The settlement was announced just as a jury, including eight women, was to hear a trial in the case, brought by the Equal Employment Opportunity Commission and former Morgan Stanley bond seller Allison Schieffelin.

Schieffelin, who claimed she was denied promotions at the firm because she is a woman, will be paid $12 million under the settlement, with $40 million earmarked for claims filed by other women at the firm.

Morgan Stanley also will set aside $2 million to pay for diversity training and anti-discrimination programs.

"The consent decree is a watershed in safeguarding and protecting the rights of women on Wall Street," said U.S. District Judge Richard M. Berman, who was to hear the case.

A trial would have meant weeks of ugly publicity for Morgan Stanley. The EEOC had planned to call as witnesses more than two dozen women to establish what it called a pattern of discrimination.

The EEOC represented hundreds of women who claimed men at Morgan Stanley invited clients on men-only strip club outings, groped women and made lewd comments.

In addition, the EEOC claimed women were passed over for promotions because of their gender. Morgan Stanley acknowledged that few women were promoted to the highest levels of the firm but denied discrimination.

Schieffelin, 42, who made $1.35 million in 1998, was fired in 2000 after claiming she was passed over for a promotion to managing director. She has said Morgan Stanley "destroyed my career."

She hugged her parents and supporters in court yesterday after the settlement was announced.

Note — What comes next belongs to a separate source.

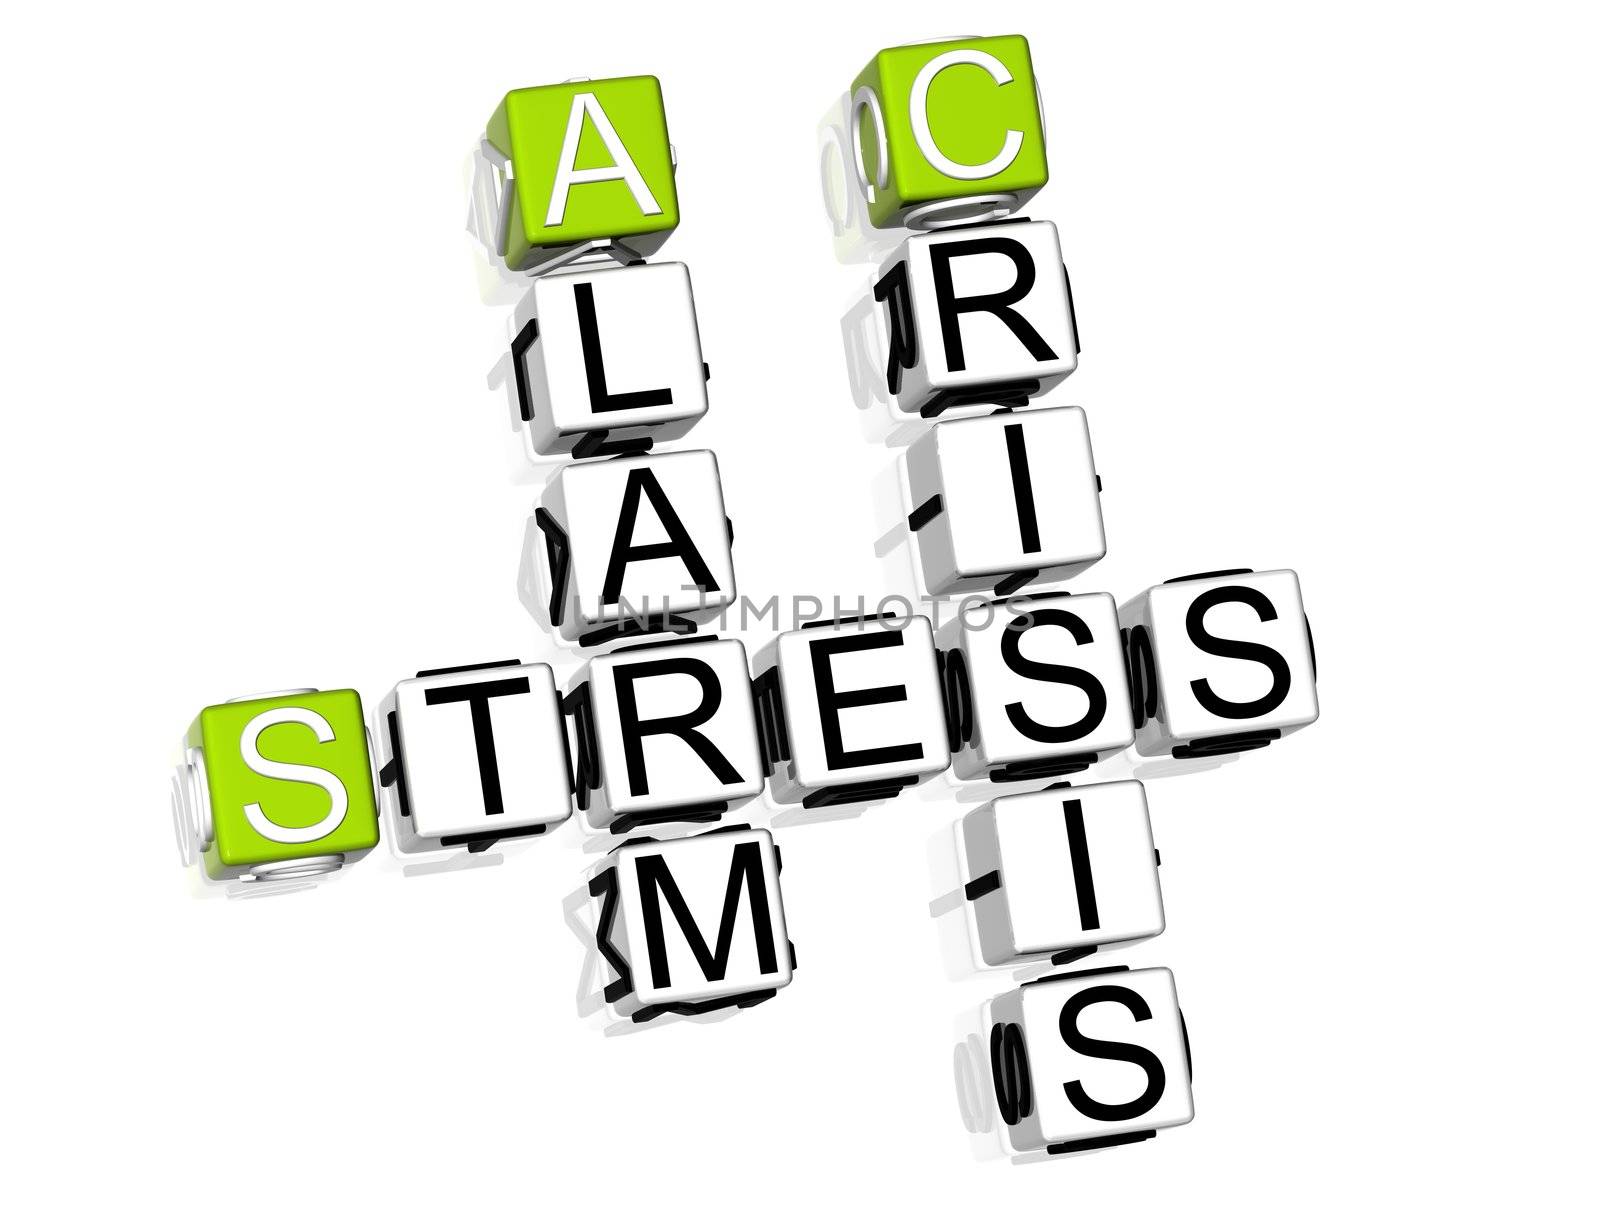 3D Stress Crossword text on white background

"I have one comment: What I want to say is that I am so happy that there is a great settlement that's good for everybody," Schieffelin said outside court.

She declined to say whether she would go back to work in the financial services industry.

The case was to be the EEOC's first sex discrimination trial against a Wall Street firm. Most similar cases end in settlements, but talks in the Morgan Stanley matter, filed in September 2001, collapsed last year.

Berman said lengthy weekend negotiations had resulted in the last-minute settlement. He said EEOC chairwoman Cari M. Dominguez and Morgan Stanley CEO Philip J. Purcell were personally involved in the talks.

The claims fund, covering women who have worked in Morgan Stanley's institutional equities division since 1995, will be overseen by Abner J. Mikva, a former Illinois congressman and federal appeals court judge.

"We hope this sends a message to other employers on Wall Street to take discrimination complaints seriously," said Elizabeth Grossman, the EEOC's supervisory trial lawyer.

The training programs will be presented at Morgan Stanley offices in New York and London, with other employees participating by videoconference or by viewing tapes.

The settlement does not cover attorney fees, except to provide $1,000 to cover legal fees for any Morgan Stanley woman receiving a claim from the fund.

The judge stressed that he was not ruling on the merits of the case by approving the settlement. In fact, settlement papers say Morgan Stanley denies violating any anti-discrimination law.

Shares of Morgan Stanley rose sharply when the settlement was announced and were trading up 34 cents to close at $50.34 on the New York Stock Exchange.

In 1998, Merrill Lynch & Co. and Smith Barney, now a unit of Citigroup, settled discrimination cases involving hundreds of female employees.

The Smith Barney case included allegations that male employees at a Long Island branch harassed female co-workers while partying in a basement "boom-boom room."